To make this a little bit challenging, let us tackle the problem of identifying handwritten digits, without telling our classifier what kind of pixel patterns indicate which digits (as we explored when we introduced the MNIST dataset, here). We simply provide the raw digit values (0-255) in a sequential array.

If you have not read or do not have time to read the MNIST post, think of the MNIST dataset as a huge dataset of handwritten digits (0 to 9). It was meant to be similar to numbers extracted from actual ZIP codes in actual mail/letters. The sample digits were all written by people in natural human stroke patterns, without trying to make the digits artificially legible for computers. We will train a classifier using a portion of this dataset, then we will test the model against another set of handwritten digits (from the same dataset).

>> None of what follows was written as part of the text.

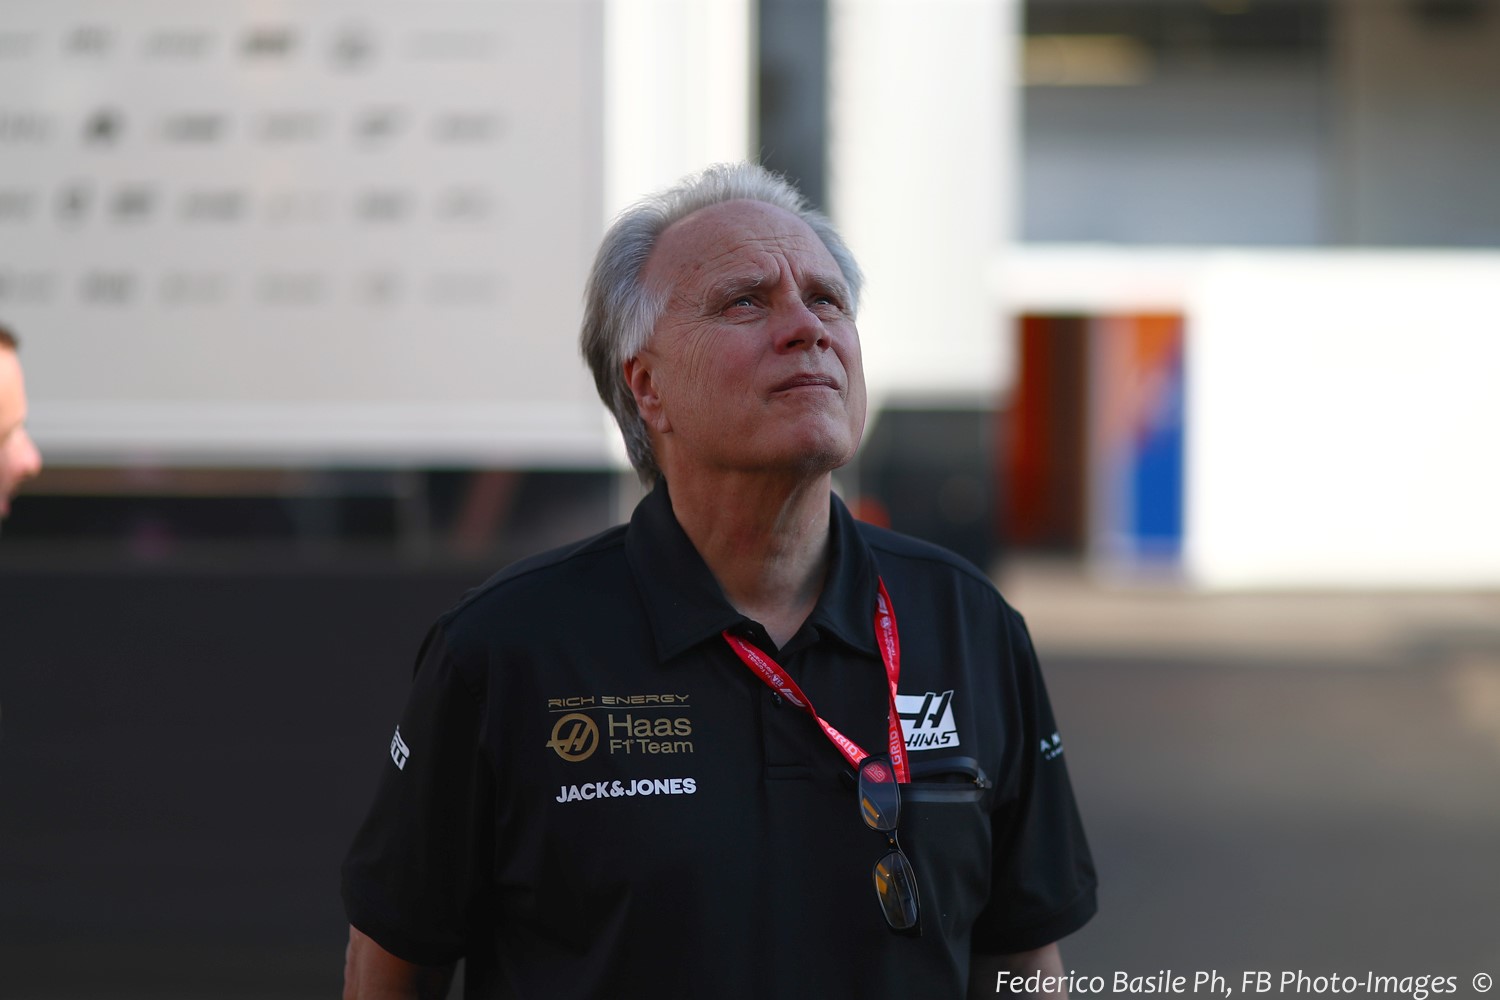 Will Gene Haas pull his hapless F1 team out of the sport when it's time to sign the 2021 agreements?

Let us start by loading the data using pandas.

The Python library scikit-learn has a dedicated digits and iris dataset loader functions (iris is the classic iris flower dataset discussed in a previous post, here). The digits dataset in scikit-learn is not MNIST. We will continue to use pandas-based routines instead of pre-packaged loaders, if any, unless there are clear advantages.

# import libraries
import numpy as np
import pandas as pd

# let's limit our dataset
train_start=1
train_end=20000
test_start=20001
test_end=22000

print('Running Random Forest on MNIST, stats:')
print('... train_start:',train_start)
print('... train_end:',train_end)
print('... test_start:',test_start)
print('... test_end:',test_end)

print('Loading training and test data...')
train_file='kaggle_mnist_train.csv'
train=np.array(pd.read_csv(train_file).ix[train_start-1:train_end-1].as_matrix(),dtype='uint8')
test=np.array(pd.read_csv(train_file).ix[test_start-1:test_end-1].as_matrix(),dtype='uint8')

print('... done.')

Running Random Forest on MNIST, stats:
... train_start: 1
... train_end: 20000
... test_start: 20001
... test_end: 22000
Loading training and test data...
... done.

We now get into the most difficult part of using a machine learning tool, the part where we have to live with some math.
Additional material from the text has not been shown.